_HOW TO COMPLETE THIS TASK_
Please reproduce the listing word for word. Pictures stay out.

_PROVIDED MATERIAL_
□ □ □ □

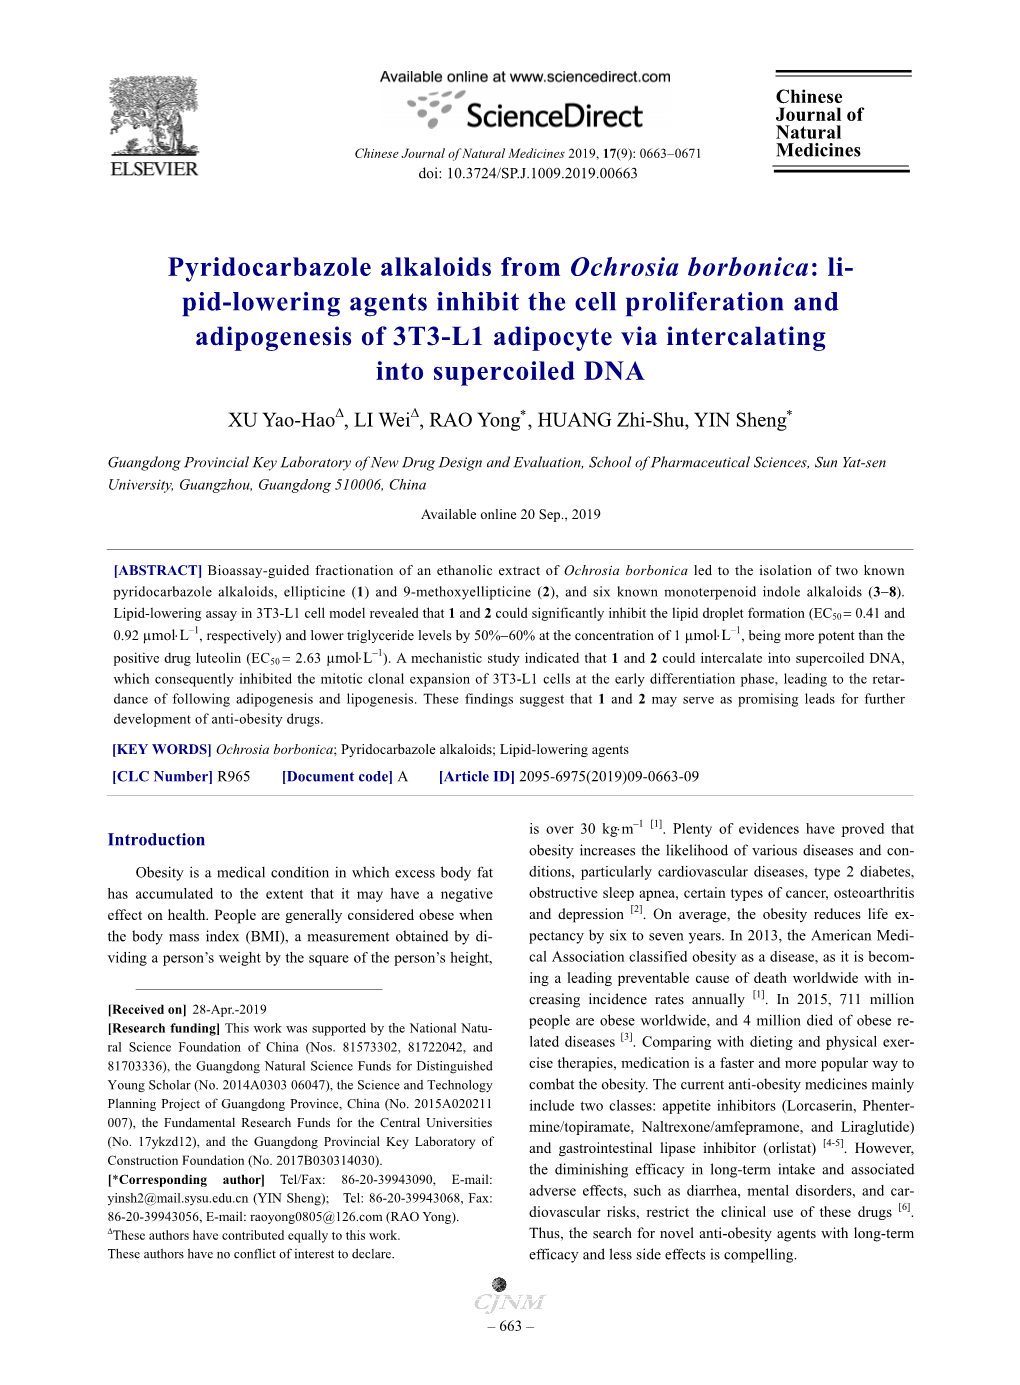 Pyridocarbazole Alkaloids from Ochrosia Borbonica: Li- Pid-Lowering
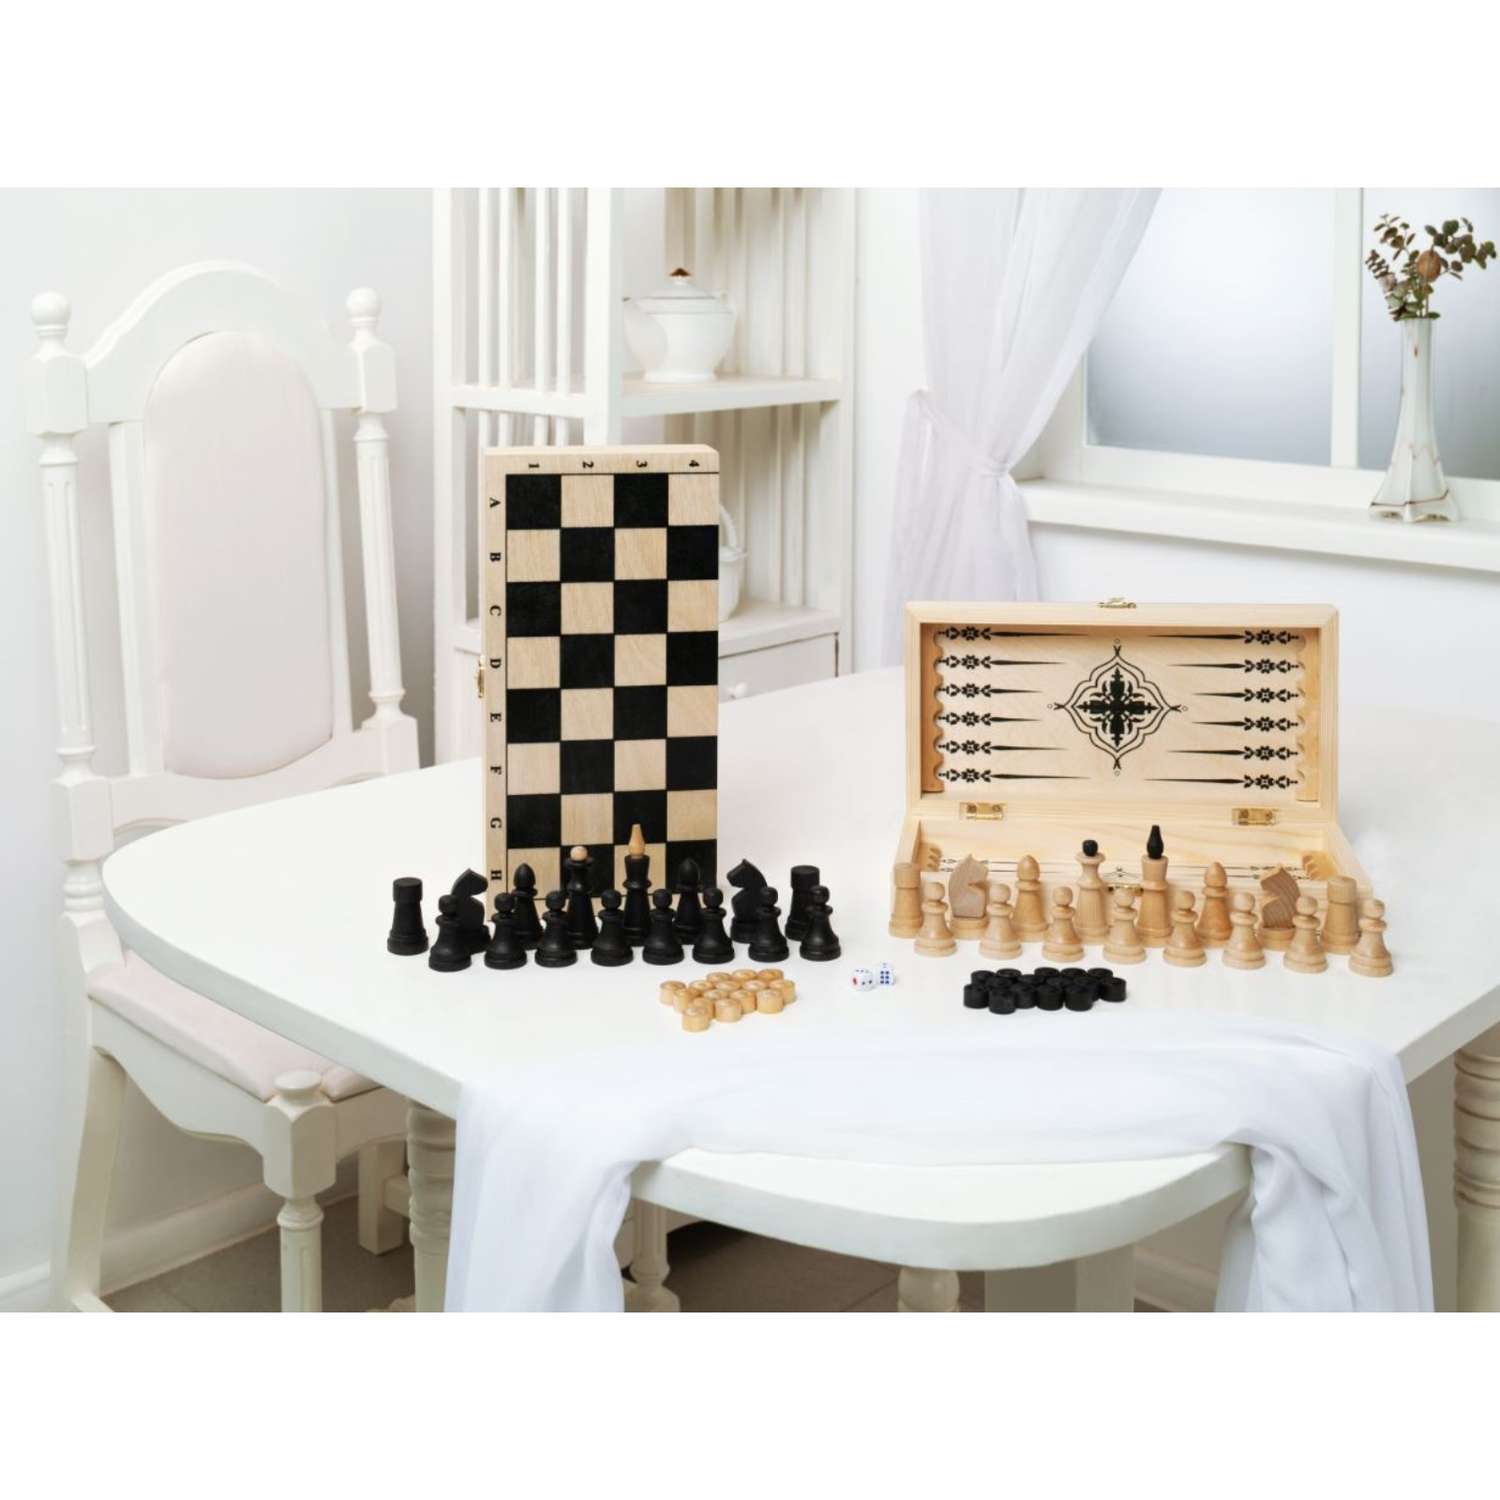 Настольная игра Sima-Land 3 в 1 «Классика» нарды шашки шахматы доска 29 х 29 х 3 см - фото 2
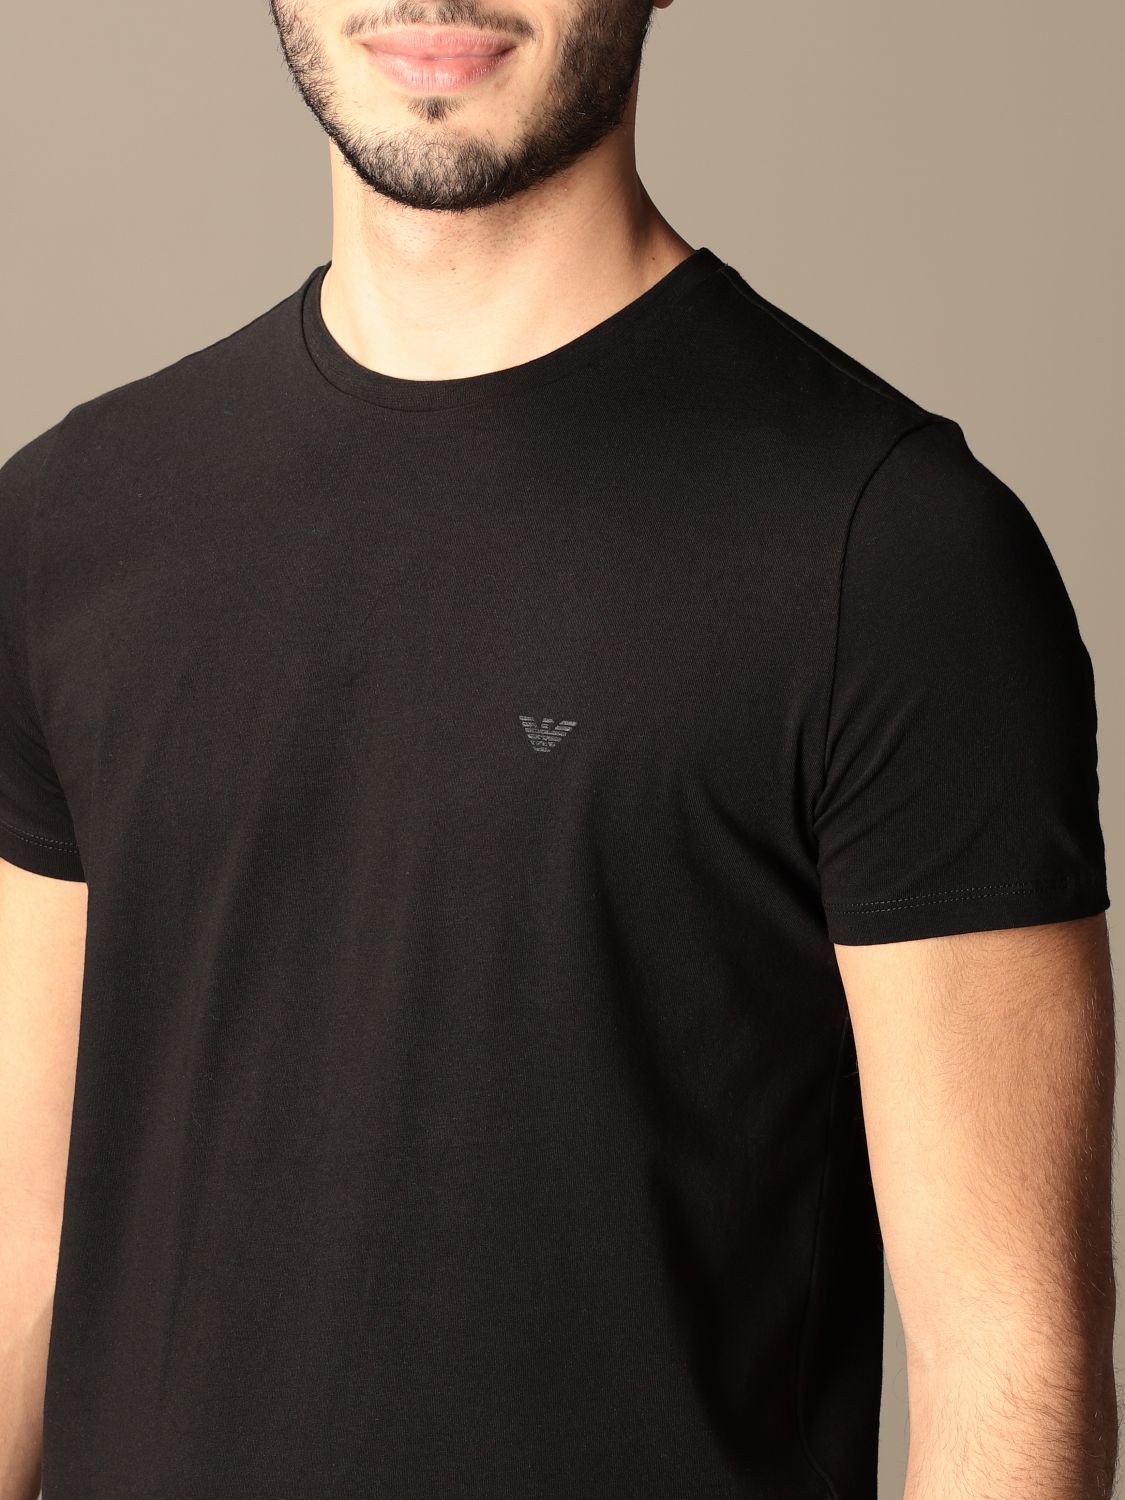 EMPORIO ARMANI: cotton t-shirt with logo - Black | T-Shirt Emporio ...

□ □ □ □

_OUTPUT OF THE TASK_
 Pyridocarbazole Alkaloids from Ochrosia Borbonica: Li- Pid-Lowering
 Настольная игра Sima-Land 3 в 1 «Классика» нарды шашки шахматы доска 29 х 29 х 3 см - фото 2
 EMPORIO ARMANI: cotton t-shirt with logo - Black | T-Shirt Emporio ...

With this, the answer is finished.